The Lamm classification uses a number (1–5) to indicate the affected metatarsal, followed by letters (A, B, and C) to describe the specific deformities, including axial length deficiency, bowing, and MTPJ congruency, respectively. For example, "4ABC" indicates a shortened fourth metatarsal with shaft bowing and joint incongruency.[14]
Treatment / Management
The management of brachymetatarsia is tailored to the severity of the condition and the patient's symptoms.
Conservative Treatments
Conservative approaches may be sufficient for individuals who are asymptomatic or experiencing mild discomfort. These measures focus on alleviating symptoms and enhancing the patient's quality of life without requiring invasive procedures. The key objectives of conservative management are listed below.
Pressure relief: Custom orthotics and padding can help distribute pressure more evenly across the foot, alleviating discomfort and preventing the exacerbation of symptoms.[15]
Improved comfort: Modifying footwear, such as shoes with a wider toe box, can accommodate the shortened toe and reduce friction, improving comfort, especially in cases where finding properly fitting shoes may otherwise be challenging.[15][6]
Functional support: Orthotic devices can provide additional support to the foot's biomechanics, helping maintain proper alignment and function, which can mitigate issues such as abnormal gait patterns.[15]
Prevention of secondary issues: Conservative treatment targets the primary symptoms of brachymetatarsia to prevent or minimize secondary complications, such as calluses, corns, or other pressure-related problems.
Surgical Treatments
For patients experiencing more pronounced symptoms, such as significant functional impairment, persistent pain, or cosmetic concerns, surgical intervention may be necessary. Several surgical techniques have been developed to address the challenges associated with brachymetatarsia.
Callus distraction (metatarsal lengthening): This technique involves gradually elongating the shortened metatarsal using an external fixation device. The procedure begins with an osteotomy, where the bone is surgically divided.

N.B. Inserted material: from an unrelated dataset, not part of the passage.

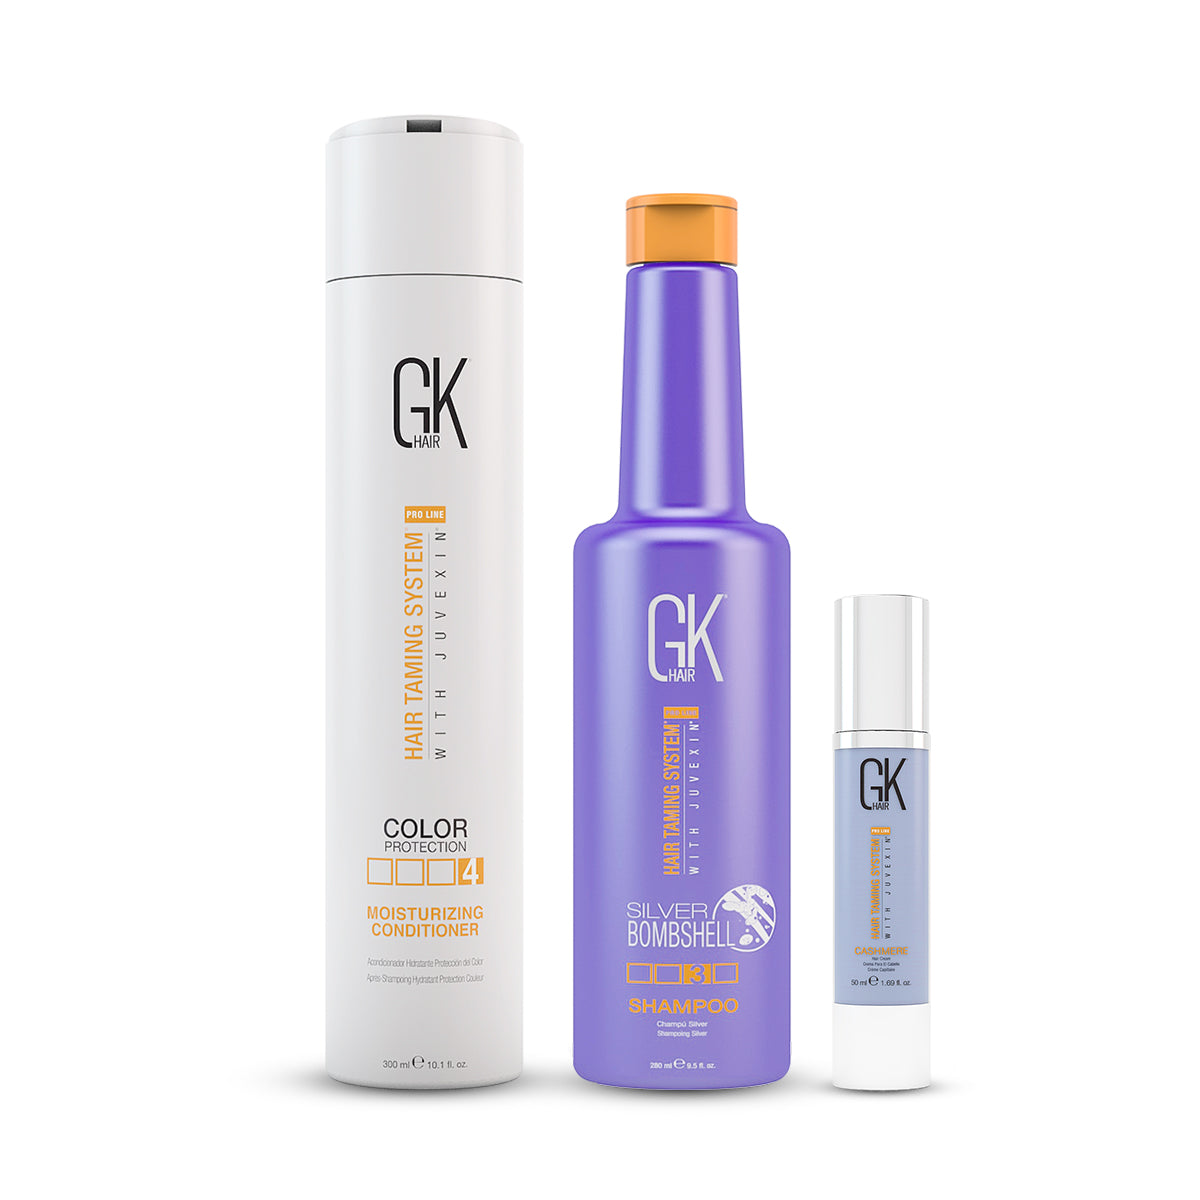 GK Hair Silver Bombshell Shampoo 280 Ml Moisturizing Conditioner 300 Ml and Cashmere 50 Ml
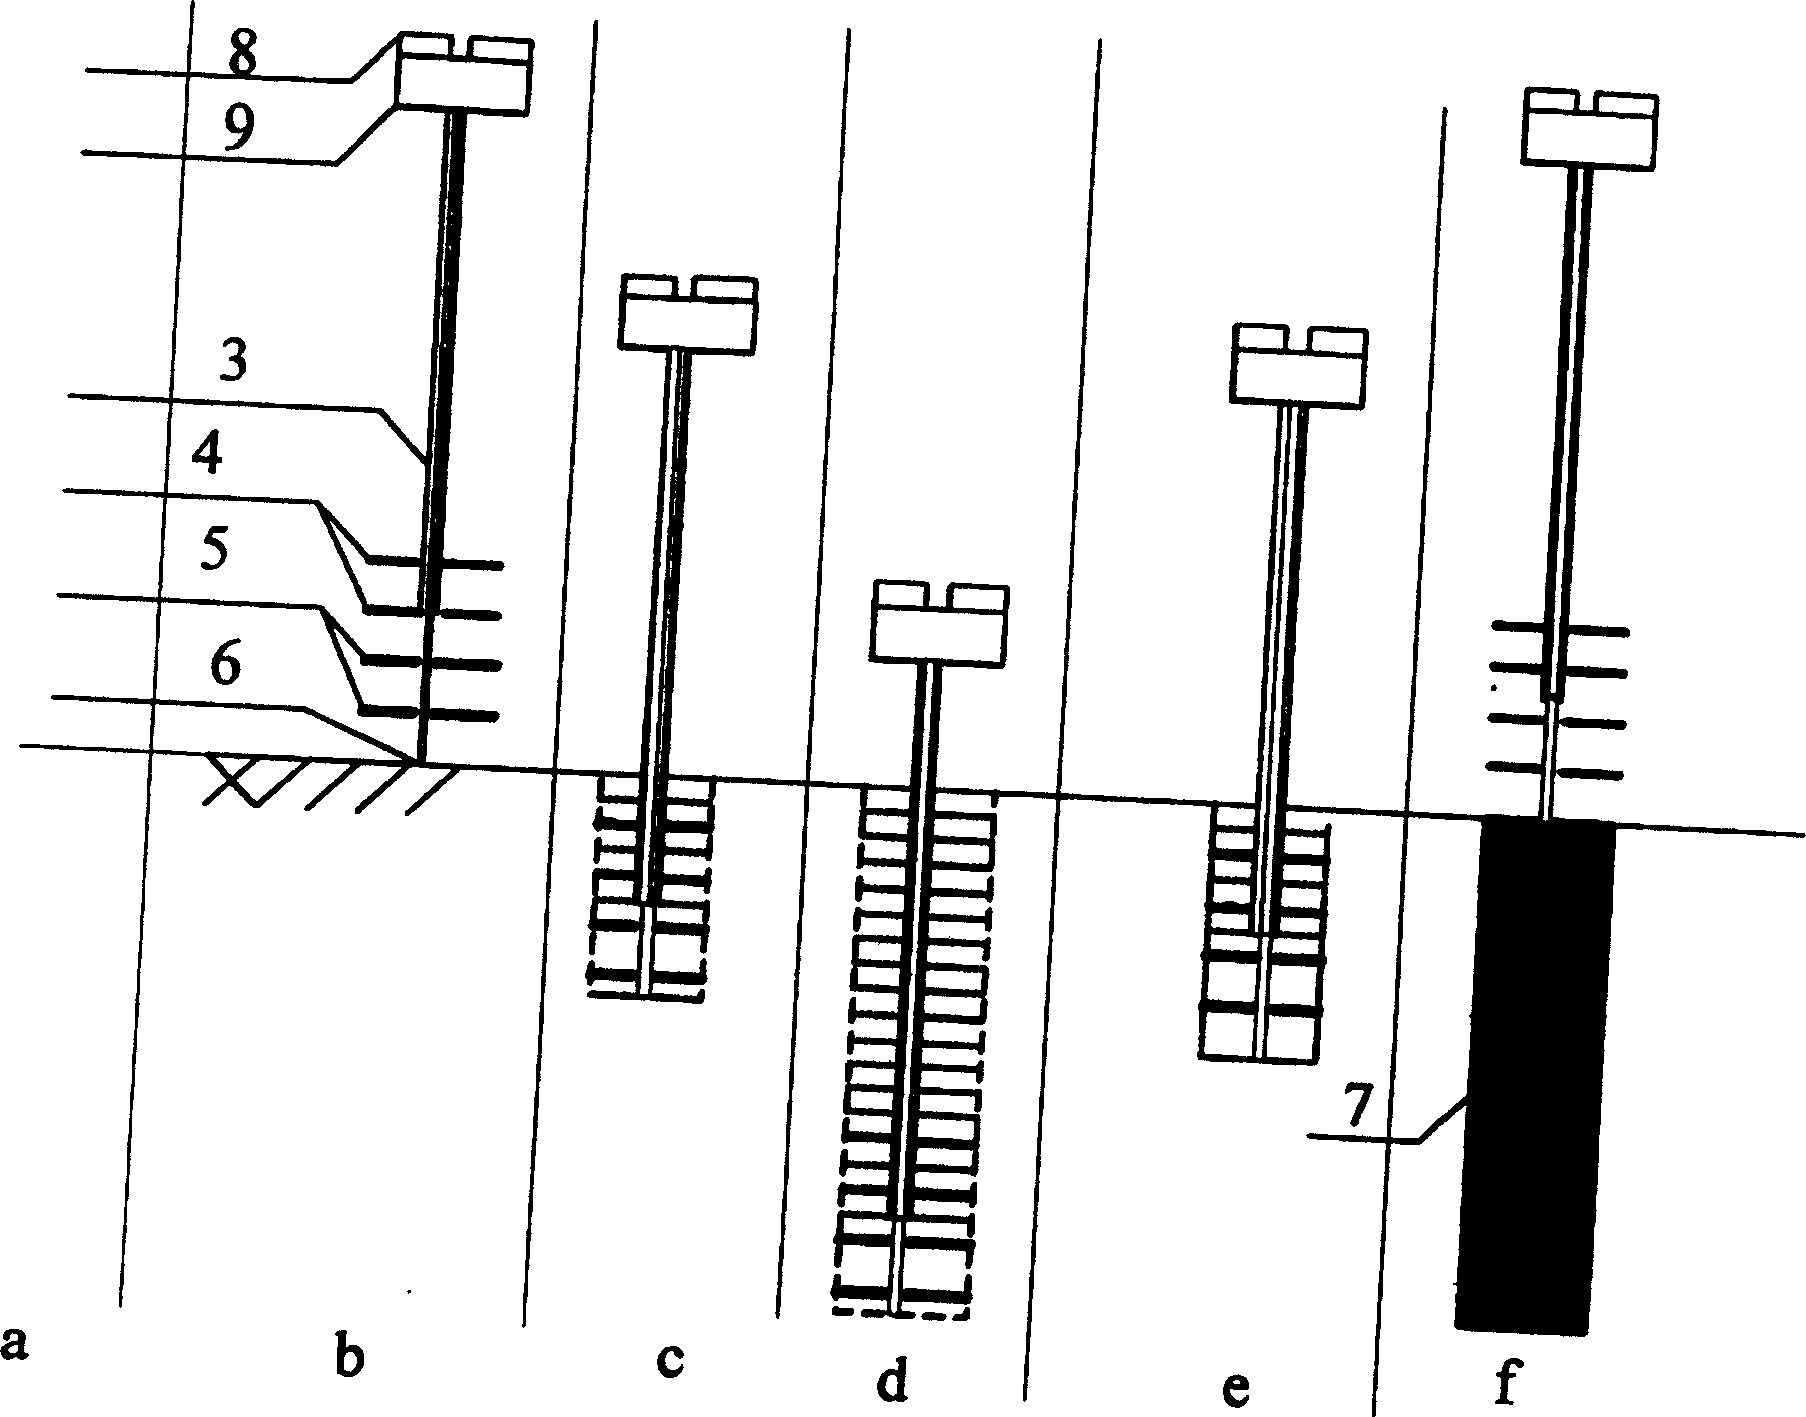 Pile forming operation method for bi-directional stirring piles

An external fixation device is used to incrementally separate the bone ends at a rate of 1 mm per day, promoting new bone formation in the resulting gap with minimal risk of vasospasm. This method allows for precise control over the lengthening process and has demonstrated favorable outcomes in both functional and aesthetic aspects.[16] This is the most commonly used surgical procedure for brachymetatarsia, typically employed when more than 15 mm of lengthening is required.[15]
Acute lengthening with bone grafting: Acute lengthening is commonly used for cases of minor metatarsal hypoplasia or shortening. The exact threshold for performing one-stage lengthening is debated but generally ranges from 1 to 2 cm.[15][11]. However, the general consensus is that acute lengthening is unsuitable for deformities exceeding 2 cm. Lengthening beyond this threshold can place excessive tension on the toe's tendons and, more critically, compromise tissue viability due to vasospasm in stretched neurovascular structures.[15] Acute lengthening commonly involves the use of autografts or allografts, with plate and screw fixation to stabilize the grafts. While this technique effectively addresses shorter metatarsals, it is constrained by the safe limits of achievable lengthening.[11] Additionally, acute one-stage lengthening with bone grafting demonstrates a complication rate of 19.5%, which is further discussed in the Complications section.[15]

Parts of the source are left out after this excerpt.